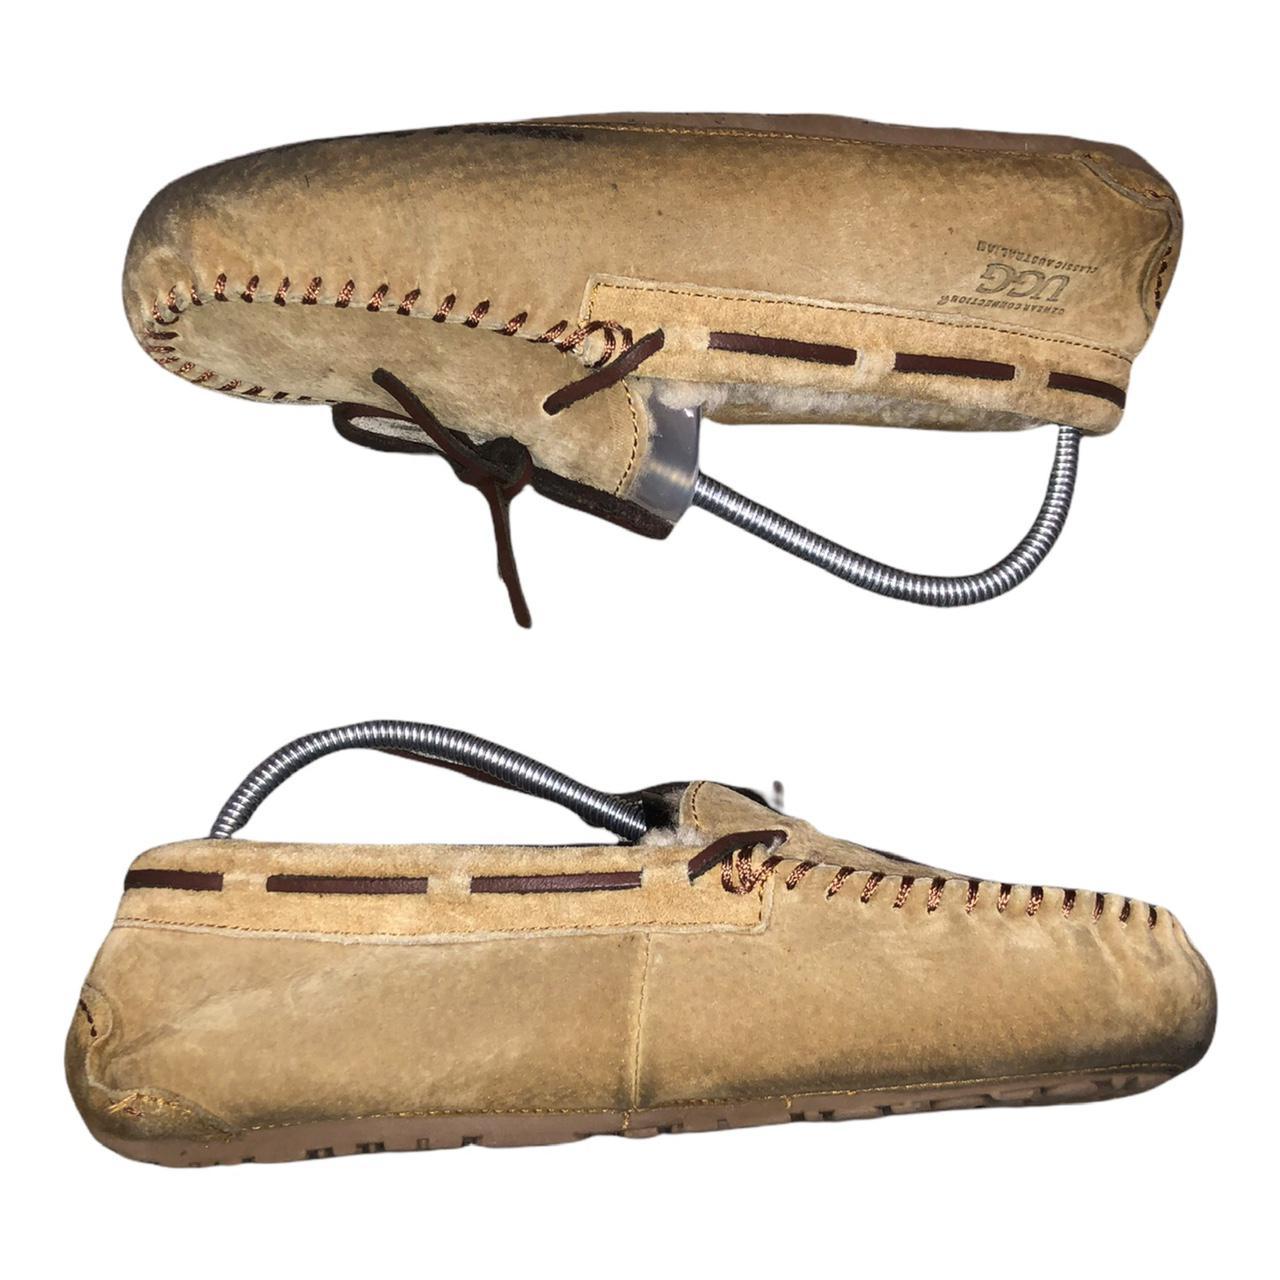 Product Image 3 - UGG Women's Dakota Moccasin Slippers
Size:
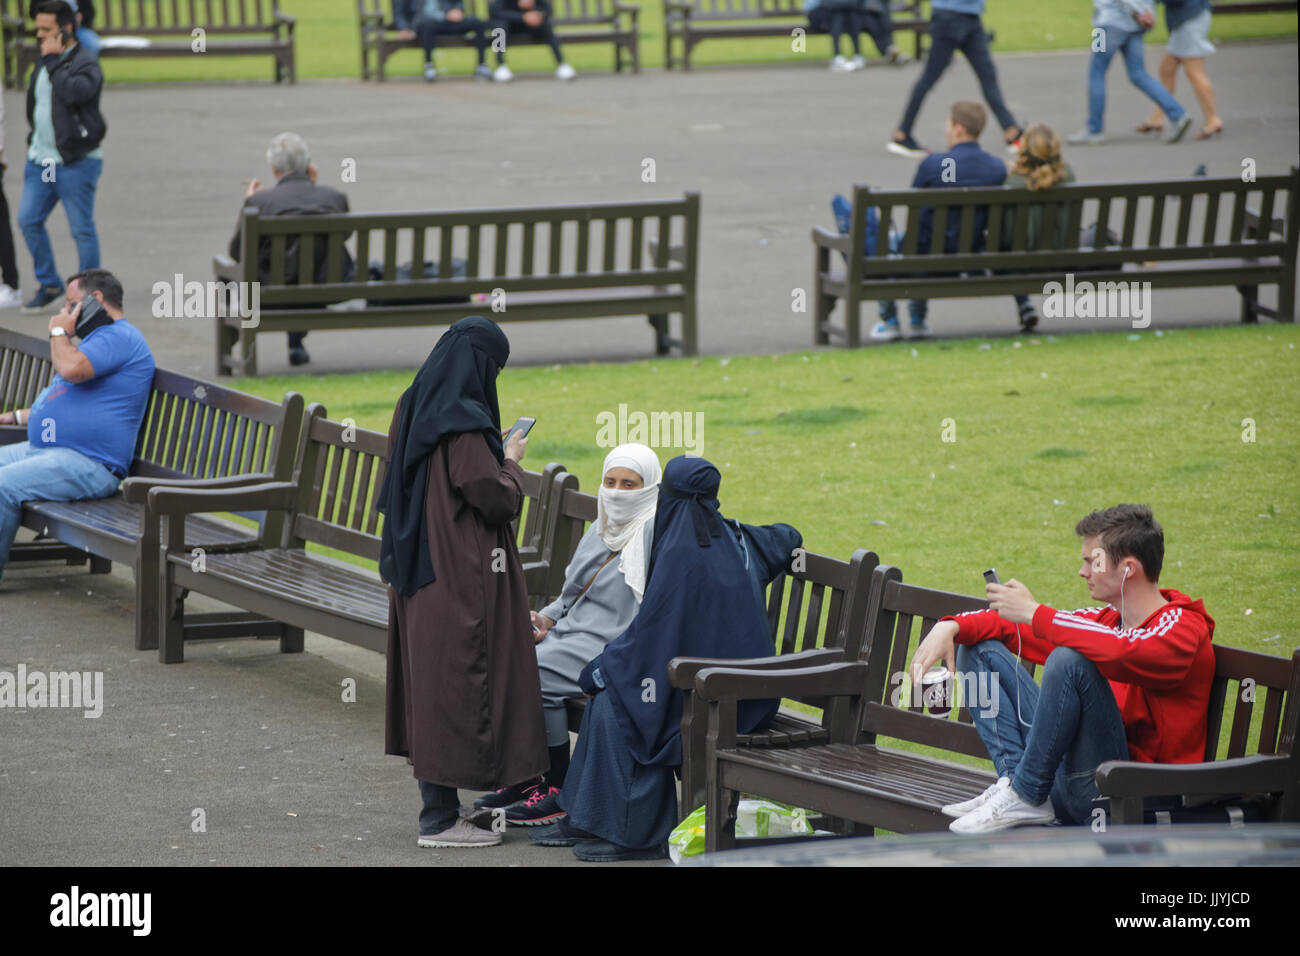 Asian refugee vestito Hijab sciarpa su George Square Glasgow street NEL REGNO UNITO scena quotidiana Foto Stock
--
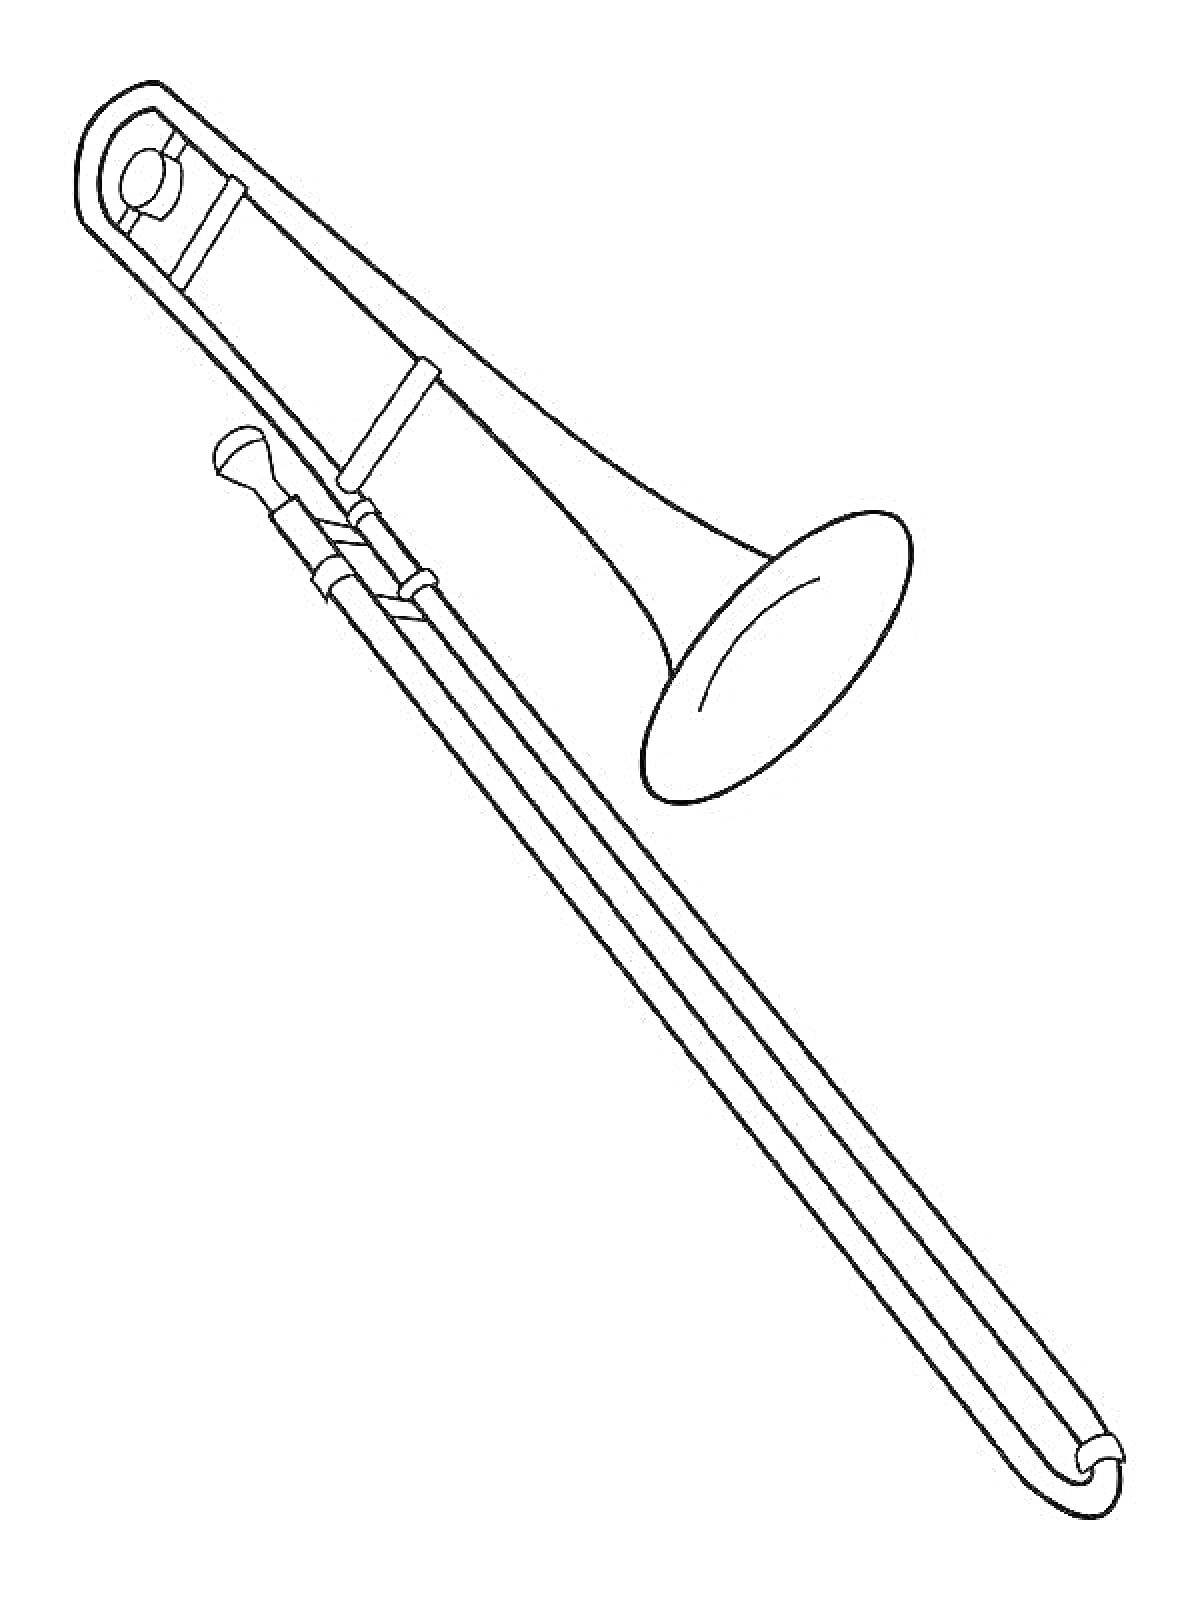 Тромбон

Assignment:
In the records above, find the line with "Product Image 3" and the line with "Asian refugee vestito", then restate word for word only those two lines and all lines between, omitting pictures.

Answer below:
 Product Image 3 - UGG Women's Dakota Moccasin Slippers
Size:
 Asian refugee vestito Hijab sciarpa su George Square Glasgow street NEL REGNO UNITO scena quotidiana Foto Stock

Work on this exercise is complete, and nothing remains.